僕は「低音から高音まで同じ声」をミックスボイス・歌声として扱っています。

ミックスボイスとは

従来のミックスボイス

従来のミックスボイスとは「高い声を出すため」だけに存在する技術です。

  • 地声と裏声が混ざったような声
  • 地声と裏声の中間
  • 高い地声
  • 強い裏声
  • 別名ミドルボイス

など多様な定義があり、さらに多様な解釈があります。

従来のミックスボイスの欠点

定義や解釈がトレーナーによって違う

従来の「ミックスボイス」には、大きな課題がありました。

  • トレーナーによって定義も解釈も異なる
  • 定義が違うため、練習方法が異なる
  • 練習方法が異なるため、解決できる課題も異なる

「高い声」以外のスキルが育たない

あまり良くないトレーナーの中では、「とにかく高い声を出せるようになればOK」というボイトレを行い、

「迷える生徒を集めてレッスン料をとっている」という噂も聞いたことがあります。


生徒が求めている「高い声」を提供しているように聞こえますが、ほとんどの場合、生徒が本当に求めているのは「歌唱力」なので、本質的に意味がないレッスンになる場合があります。

音博士のミックスボイス

「高い声」ではなく「歌うための声」

僕は、ミックスボイスを「歌声」として定義して扱っています。

そもそも高い声を出すためには、「音域」だけでなく「息の強さ」や「声の響かせ方」など様々な技術が必要になります。
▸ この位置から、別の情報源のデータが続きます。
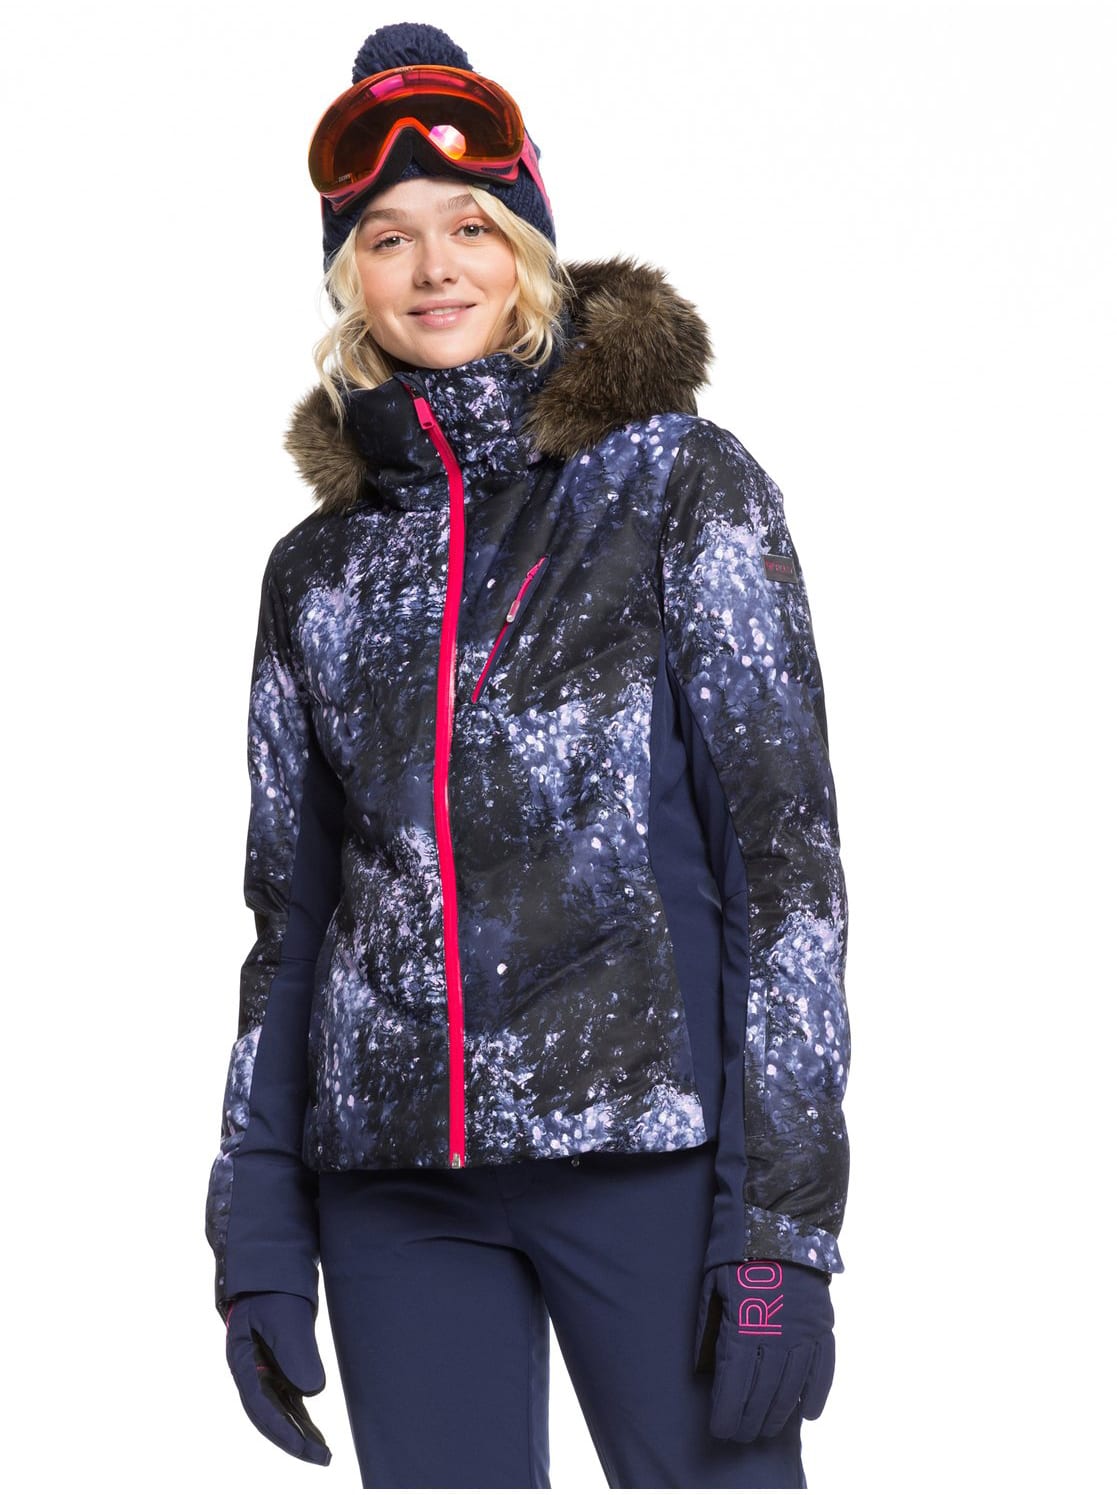 Plus Sale glamor Womens Jacket hot at model sale Hot Snowboard | Roxy Snowstorm
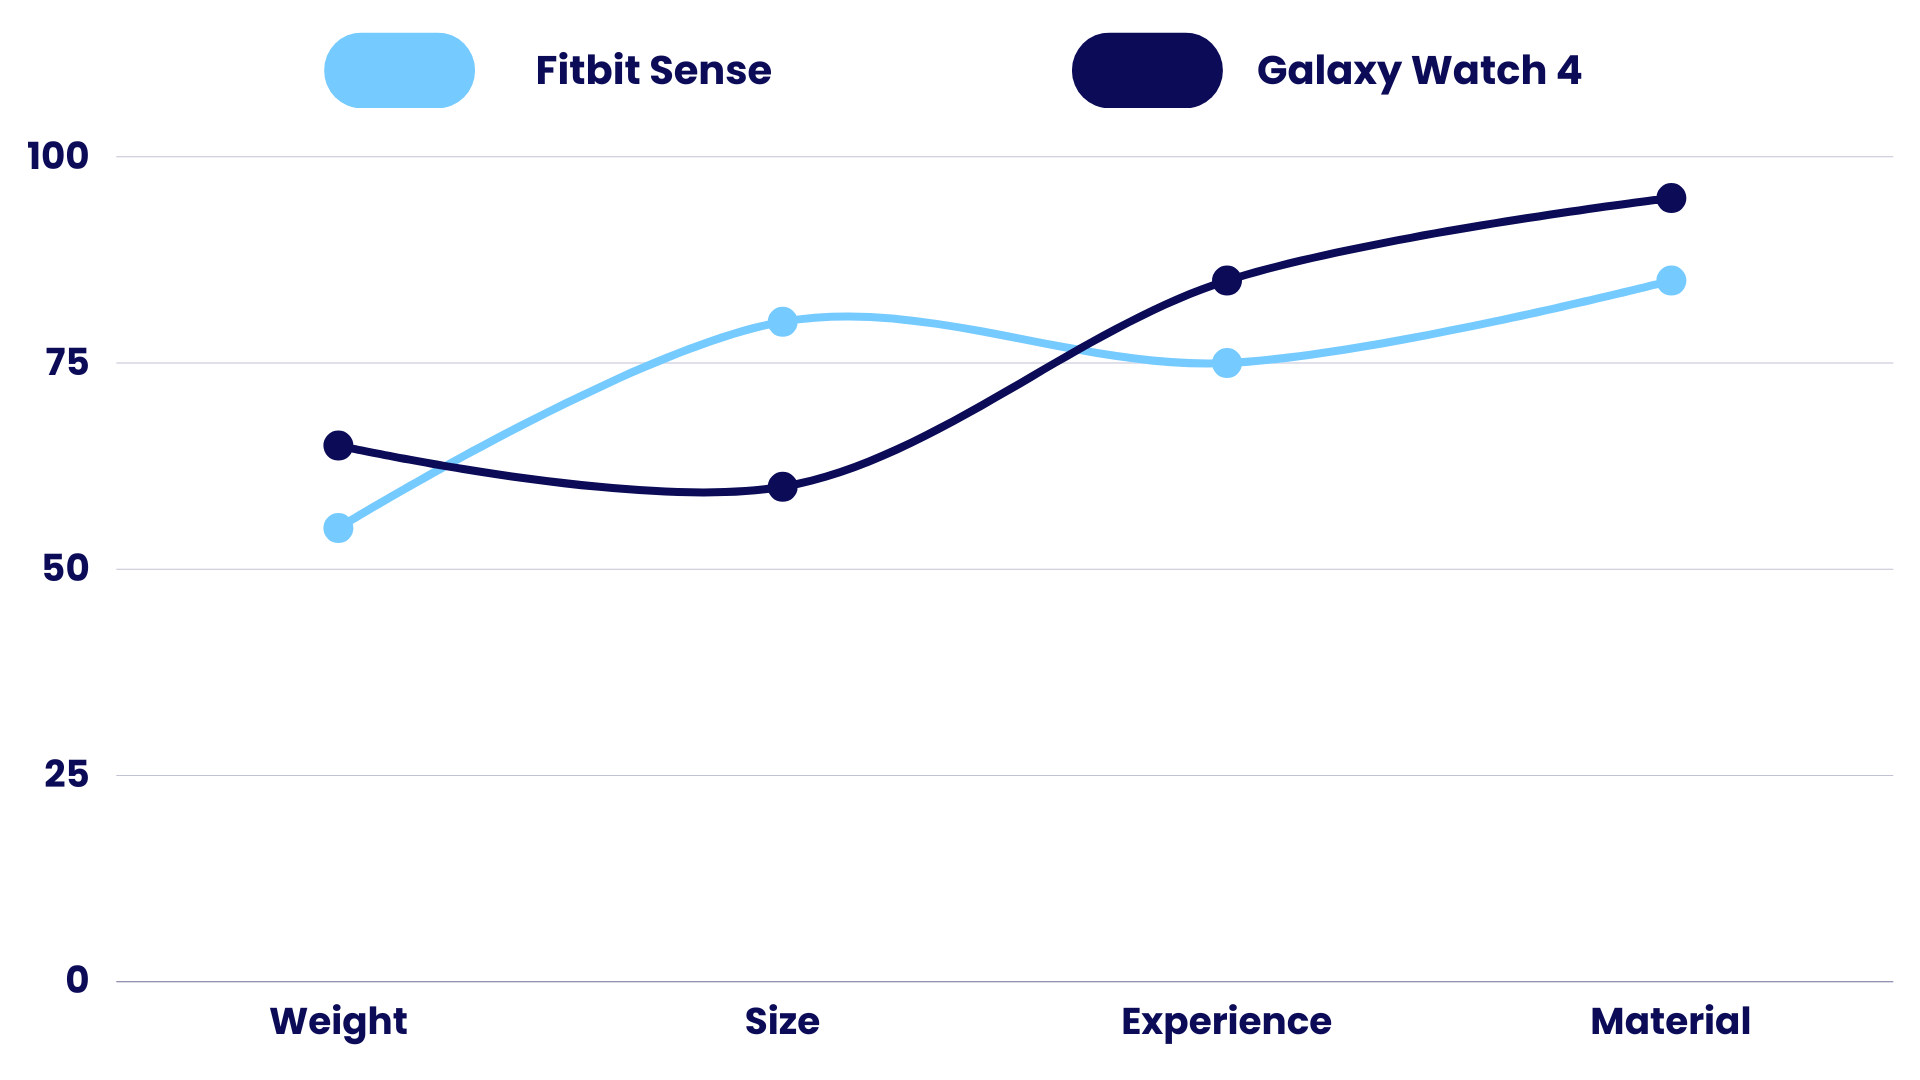 Body Comparison of Fitbit Sense vs Galaxy Watch 4

そこで通常の「今出せる声のクオリティを上げる」ボイトレではなく、「出せない声を出せるようにし、さらに歌で使えるクオリティにする」作業です。


「高い声」に限らず、「歌に使える、クオリティの高い声」の音域を広げるのが、僕のミックスボイス・歌声です。

「ミックスボイス」が流行している理由

そもそもミックスボイスが流行した原因を、僕が「音楽人口が増えたから」と考えています。

音楽人口が増えすぎた

どこでも・誰でも音楽を聴ける

今の時代、誰でも手軽に音楽を聴くことができます。

  • Spotify
  • LINE MUSIC
  • Apple Music
  • Prime Music
  • amazon muzic

これら全てが音楽を手軽に聴くためのサービスであり、さらにYouTubeを開けば簡単にMusic Videoを視聴することができる時代です。

もちろんサービスがなければCDです。

ipodやウォークマンにデータを取り込めるようになったことで、毎日の「移動時間」や「お風呂の時間」など、それまで音楽と全く関わりのなかった時間が次々に音楽とセットの生活になっています。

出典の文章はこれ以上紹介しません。